I have the function $2x^2+y$ and one constraint $x-y^2=1$ and want to find maximum value by lagrange multiplier. Intuitively, I see the point $(2,1)$ satisfies $c$ and have value of $f(2,1)=9$.
Using Lagrange function $f(z)-\lambda c(z)$, I get $\lambda^3-4\lambda^2-1$ thus $\lambda=4.06$. However, when plug this into the derivatives of $x$ and $y$ I got different values in particular $x=\frac{4.06}{4}=1.015$ which is much lower than $2$. Am I missing something here?
Note that your function is unbounded. Your constraint gives $x = 1+y^2$, and plugging this into the objective, you get $2\,(1+y^2)^2 + y$. Now, it is easy to see, that this can attain arbitrary large values. This means that your problem has no global maximum, but it may have a local one.

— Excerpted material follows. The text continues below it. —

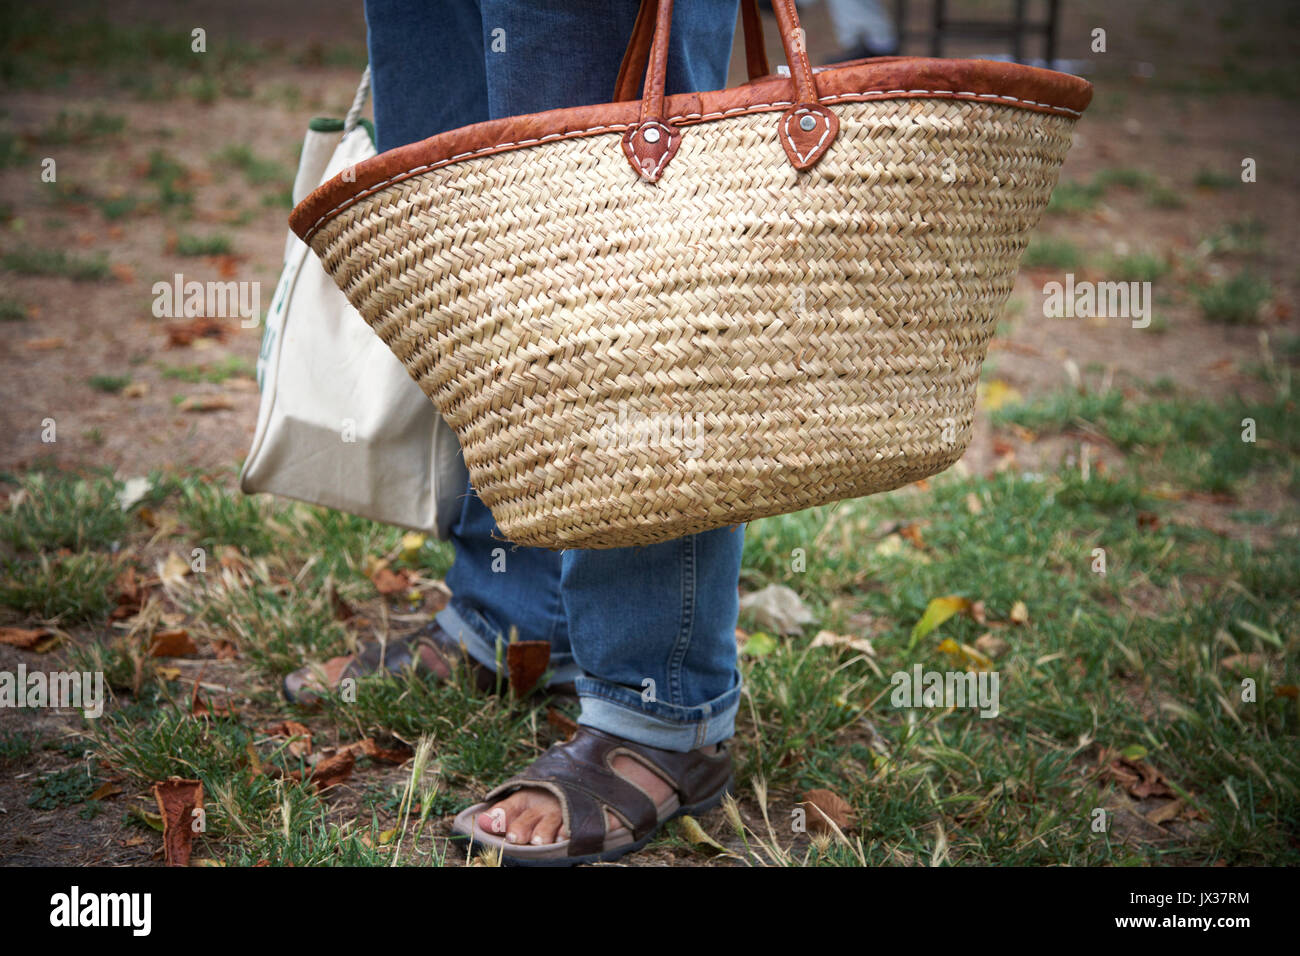 man with basket of fresh produce at a farmers market new zealand Stock Photo

Further, since the gradient of your constraint is $(1, -2\,y)$, the LICQ is satisfied at every feasible point. This means that every local extremum (may it be a maximum or a minimum) can be found by the Lagrange multiplier method.
As you already found, there is only one solution to Lagrange's method. Moreover, it is easy to see that this is a local minimum (consider, e.g., the second derivative of the reduced objective $2\,(1+y^2)^2+y$ which is positive for $y = -0.123$.
Putting everything together, we find that your problem has no local maximum (and no global one).